Онегины истекали из Чайльд-Гарольда Байрона. Они были увлекательны своей романтичностью и резкой противоположностью с отживавшим барством.
Мы страстно желали видеть Пушкина, поэмами которого так упивались, и увидали его спустя года полтора, в Благородном собрании. Мы были на хорах, внизу многочисленное общество. Вдруг среди него сделалось особого рода движение. В залу вошли два молодые человека, один — высокий блондин, другой — среднего роста брюнет, с черными курчавыми волосами и резко-выразительным лицом. Смотрите, сказали нам, блондин — Баратынский, брюнет — Пушкин. Они шли рядом, им уступали дорогу{5}. В конце залы Баратынский с кем-то заговорил и остановился. Пушкин прошел к мраморной колонне, на которой стоял бюст государя, стал подле нее и облокотился о колонну. Мы не спускали с него глаз, чтобы навсегда запечатлеть в душе образ любимого поэта.

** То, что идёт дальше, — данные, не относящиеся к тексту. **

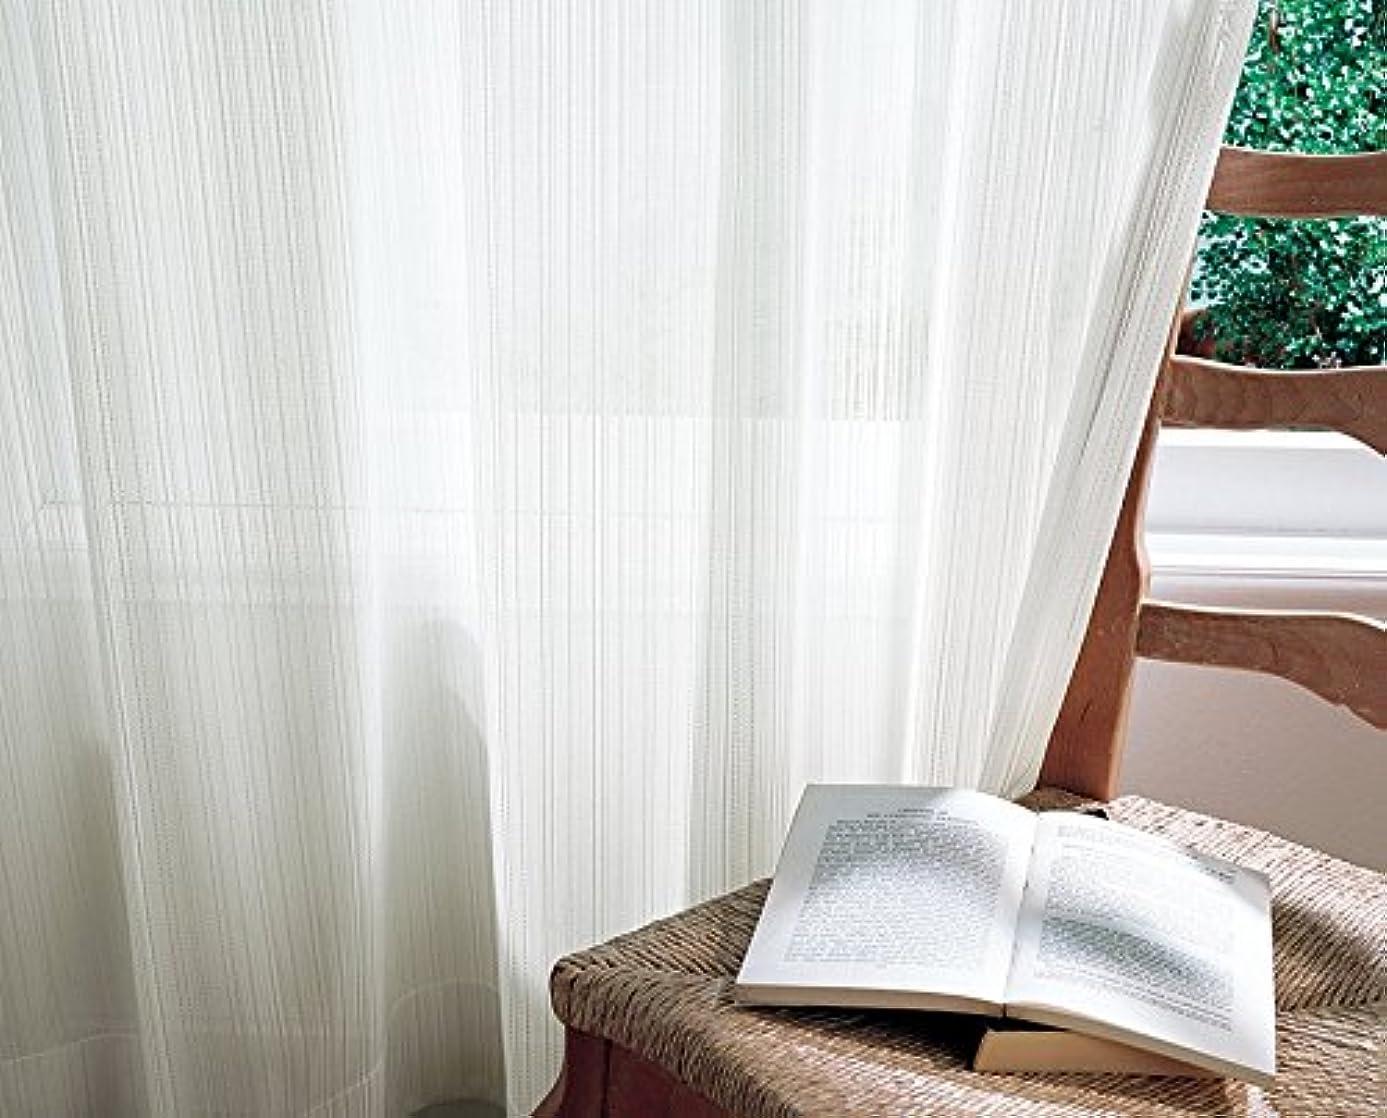 店主きちんとした状態東リ ステッチのストライプを表現 カーテン2倍ヒダ KSA60480 幅:200cm ×丈:110cm (2枚組)オーダーカーテン

Все окружавшее нас влияло на даровитую натуру Саши и возбуждало в нем множество новых мыслей и стремлений. Ему страстно хотелось сообщить их кому-нибудь, слышать их подтверждение, и он высказался Ивану Евдокимовичу. Молодой медик, полный того благородного либерализма, который нередко проходит с летами, с местом, с семьей, но, несмотря на это, оставляет на человеке печать достоинства, с упоением, с навернувшимися на глазах слезами обнял своего ученика, растрогался и сказал, что такие чувства должны созреть и укрепиться. Сочувствие было поощрением.
С этого времени, кроме преподавания наук в романтичной форме, Иван Евдокимович стал носить нам тайком мелко исписанные тетрадки с запрещенными стихами Пушкина. Мы списывали их украдкой, вытверживали наизусть, прятали на ночь под подушку, чтобы они не попали в такие руки, в которые не следует, и тверже удержались в памяти. Саша, по живости характера и врожденной беспечности, не выдерживал тайны и громко декламировал то «Оду на вольность», то «Деревню», «Кинжал». Чтобы навеять на слушателей страх и трепет, принимал трагическую позу, мрачное лицо и задыхающимся голосом говорил, бывало:
Но Брут восстал вольнолюбивый,
Кинжал! ты кровь излил — и мертв объемлет он
Помпея мрамор горделивый{6}.
У Саши был недостаток в произношении, который придавал ему детскую грацию. Он выговаривал слог ла между французским la и русским ла. Он это знал и иногда, затрудняясь на этом слоге, останавливался на минуту и, краснея, улыбаясь, смотрел на всех. Впоследствии этот недостаток у него утратился.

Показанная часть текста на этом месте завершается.